Outra noção que contribui para a solução do problema da particularidade é o conceito de causação intencional. A causação intencional tem um papel importante na determinação das condições de satisfação dos estados intencionais. A causação intencional quando conectada as noções de Rede e Background cria um reforço em torno das condições de satisfação do estado intencional. Por fim, Searle traz a noção de indexicalidade. No que concerne a indexicalidade, cada vez que tenho uma experiência perceptual de algo, não é apenas uma experiência perceptual, mas sim a minha experiência perceptual. E isto se estende para as noções de Rede e

Background, pois, “A rede de estados intencionais de que ele está consciente é a

sua rede e as capacidades de Background que ele faz uso têm a ver com o seu

Background” (SEARLE, 1983, p. 66). Se voltarmos ao exemplo da experiência visual

de Jones e sua relação com o Jones da terra gêmea, por mais que estas experiências sejam qualitativamente semelhantes não pode haver dúvidas que do ponto de vista das experiências visuais do Jones desta terra, tais experiências são única e exclusivamente suas experiências e não de outro como é o caso do Jones da terra gêmea. São, portanto, suas crenças, seus desejos, suas intenções etc., em outras palavras, são experiências de toda sua Rede e Background.

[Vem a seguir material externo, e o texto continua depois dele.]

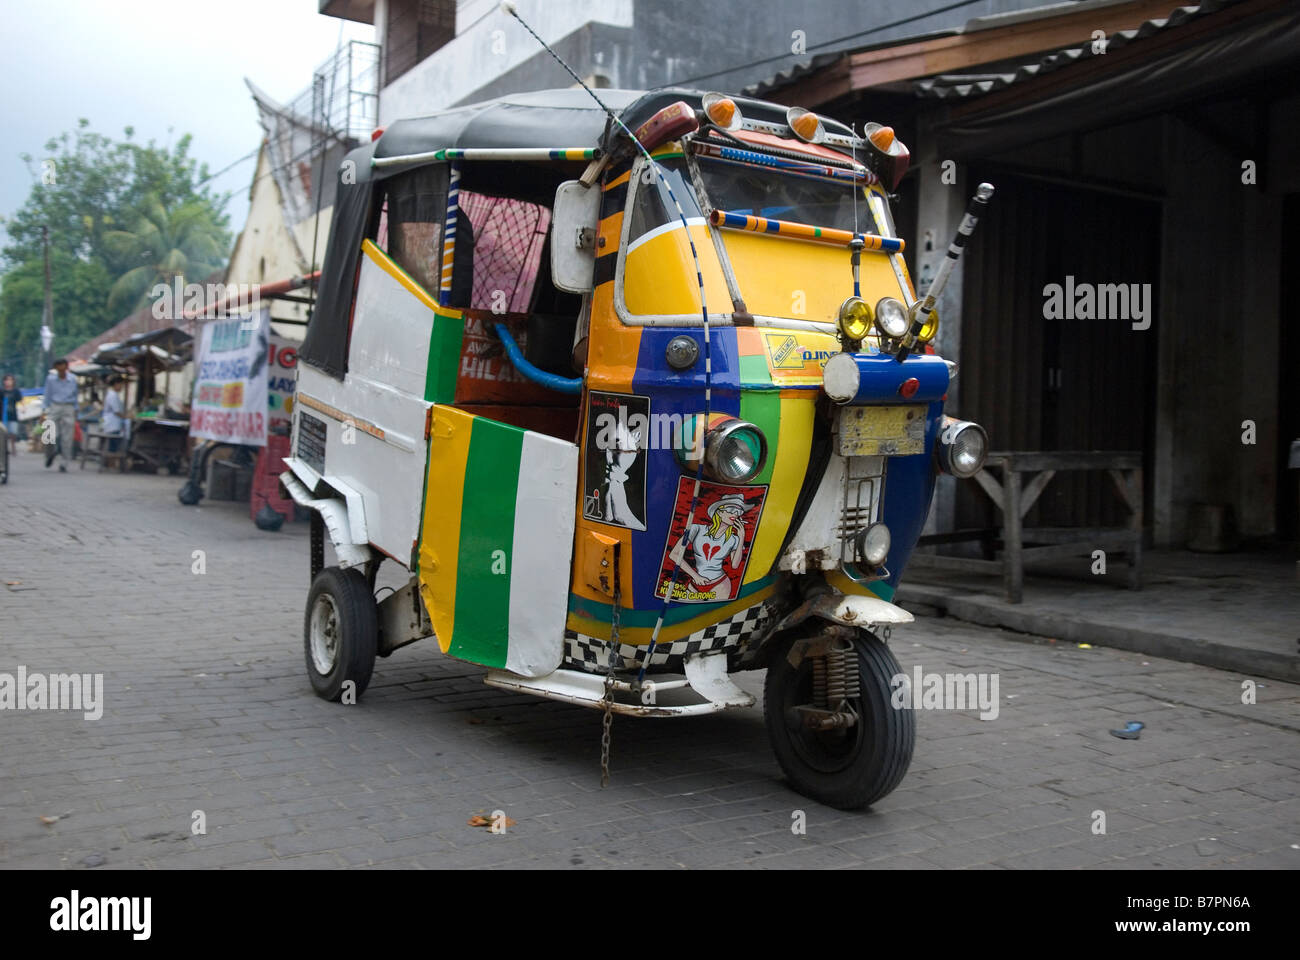 Transport de la rue dans une ruelle du quartier chinois, Jakarta Banque D'Images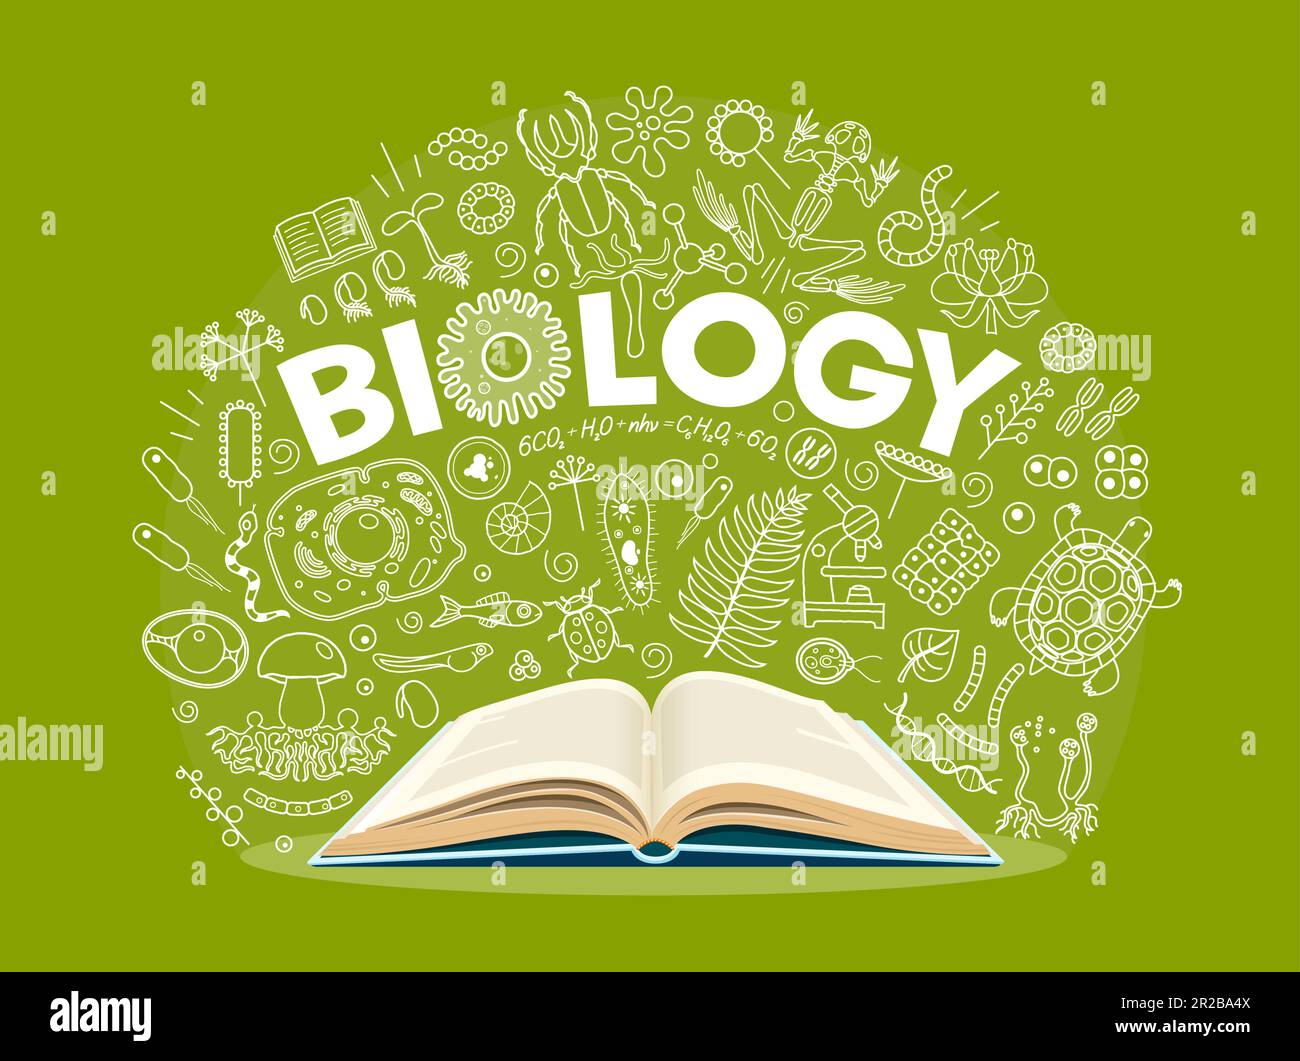 Biologie-Lehrbuch, Darstellung von Wissenschaftssymbolen auf der Schulbehörde. Vektor wissenschaftlicher Bildungshintergrund mit offenen Büchern und dünnen Linien von Pflanzen, Zellen unter dem Mikroskop, Tieren, Pilzen und Insekten Stock Vektor

Diante disto, o problema para Searle consiste em mostrar como a Rede e o Background se introduzem no conteúdo intencional para determinar que as condições causais de satisfação sejam particulares e não gerais. Searle considera dois casos, um em que ele ignora o Background se concentrando apenas na Rede e outro em que ele leva em consideração o Background.92 Tal separação da Rede e Background só é possível em termos explicativos, pois na vida real, isto é, em casos práticos de percepção ambas ocorrem em conjunto, concomitantemente.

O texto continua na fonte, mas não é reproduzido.